In each of these artworks, John’s birth is depicted in contemporary settings that suggest high social status. This is possibly an allusion to the status of Zechariah the priest, but probably also reflects that of the patrons. The most exalted is the opulent scene painted for the Byzantine imperial family, with its golden bathtub and magnificent cradle. Although less obviously extravagant, the settings depicted by the Salimbeni brothers and Rogier van der Weyden likewise evoke fifteenth-century Italian and Netherlandish elite residences, with their costly textiles and furniture, and (in Rogier’s painting) a chimneybreast and partially glazed windows. Dress similarly conveys status. In the Salimbeni fresco, Mary wears garments that suggest luxury silks: a patterned blue mantle, and a white dress embellished with gold motifs; in Rogier’s panel she wears a fur-lined dress over an underdress of red velvet and gold woven silk—a type of textile worn by royalty. In all three images, Elizabeth’s head is heavily veiled and (in Salimbeni and Rogier) wimpled, as was appropriate for an older woman, just as Zechariah is shown a venerable, grey-bearded man, underscoring the miracle of their parenthood.

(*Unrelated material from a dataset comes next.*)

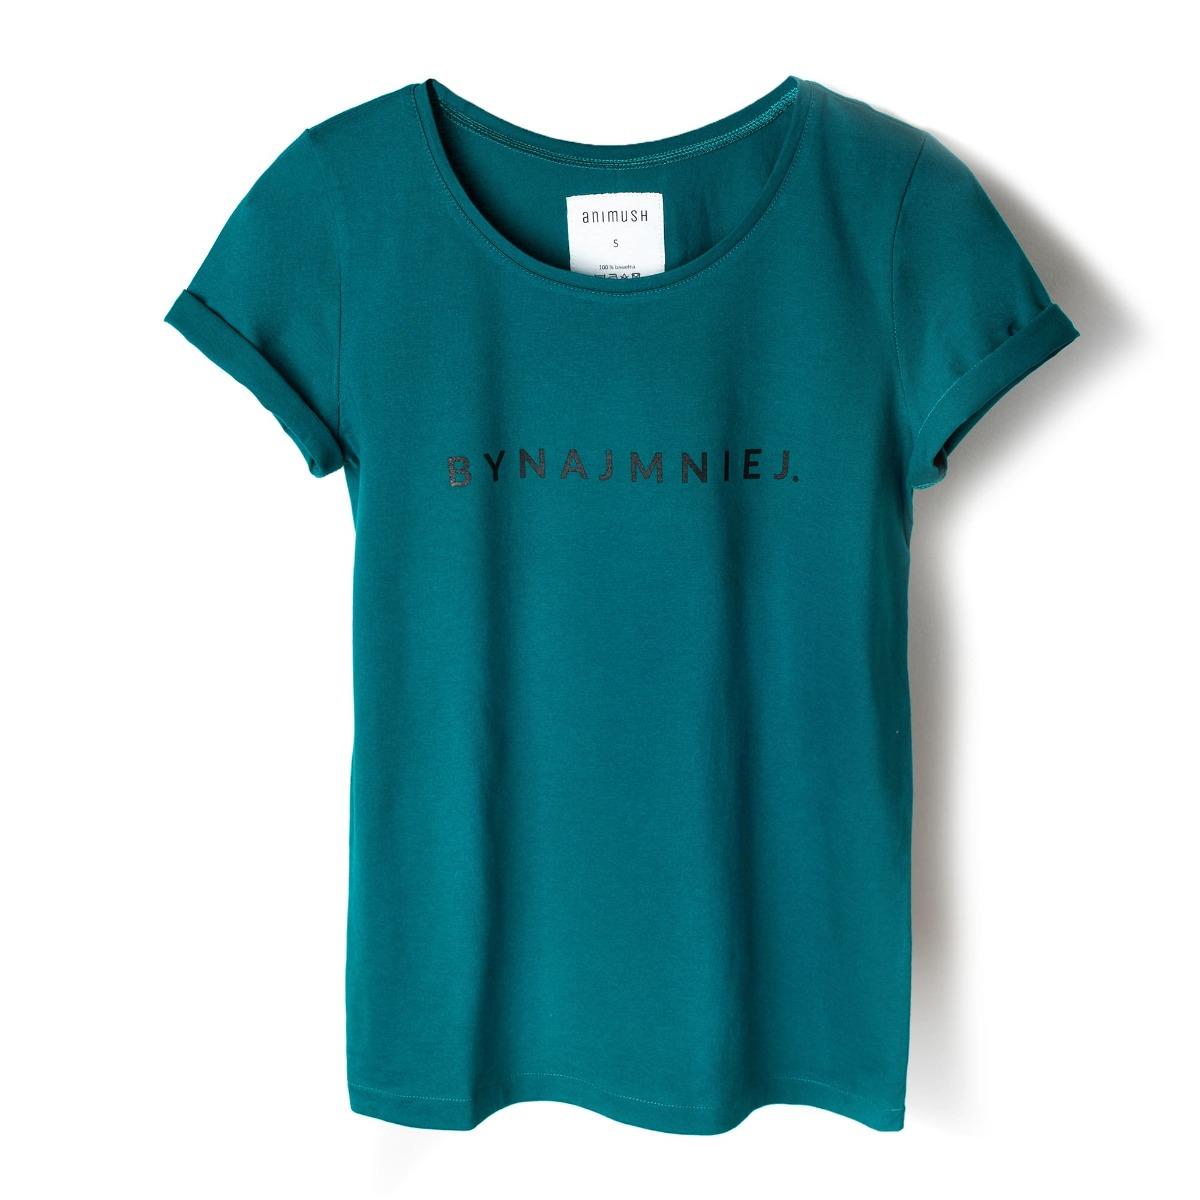 T-shirt szmaragdowy BYNAJMNIEJ.

The iconography of the Birth of the Baptist is exemplified by the twelfth-century Byzantine Master’s image, with its domestic details of the bedchamber, the attendant women, the bathing of the baby, and the figure of Zechariah sitting apart, penning the name. By the late Middle Ages, in Western Europe, texts other than the Gospel had begun to enrich its representation, as in the examples by the Salimbeni brothers and Rogier, whose images include Mary. Luke is ambiguous regarding Mary’s presence at the birth, saying simply that she stayed with Elizabeth for three months and then returned home. Her presence was debated by theologians including St Ambrose and the Venerable Bede, both of whom accepted it, as did more popular (and later) writers such Jacobus de Voragine, the author of the Golden Legend, and the Pseudo-Bonaventure, who described how Mary cradled the baby in her arms and kissed him. Her presence in these paintings reinforces the message of the birth of the Baptist as the prelude to the nativity and ministry of Christ.

Next exhibition: Luke 2:7

Luke 1:57–66

Revised Standard Version

57 Now the time came for Elizabeth to be delivered, and she gave birth to a son. 58And her neighbors and kinsfolk heard that the Lord had shown great mercy to her, and they rejoiced with her. 59And on the eighth day they came to circumcise the child; and they would have named him Zechariʹah after his father, 60but his mother said, “Not so; he shall be called John.” 61And they said to her, “None of your kindred is called by this name.” 62And they made signs to his father, inquiring what he would have him called. 63And he asked for a writing tablet, and wrote, “His name is John.” And they all marveled. 64And immediately his mouth was opened and his tongue loosed, and he spoke, blessing God. 65And fear came on all their neighbors. And all these things were talked about through all the hill country of Judea; 66and all who heard them laid them up in their hearts, saying, “What then will this child be?” For the hand of the Lord was with him.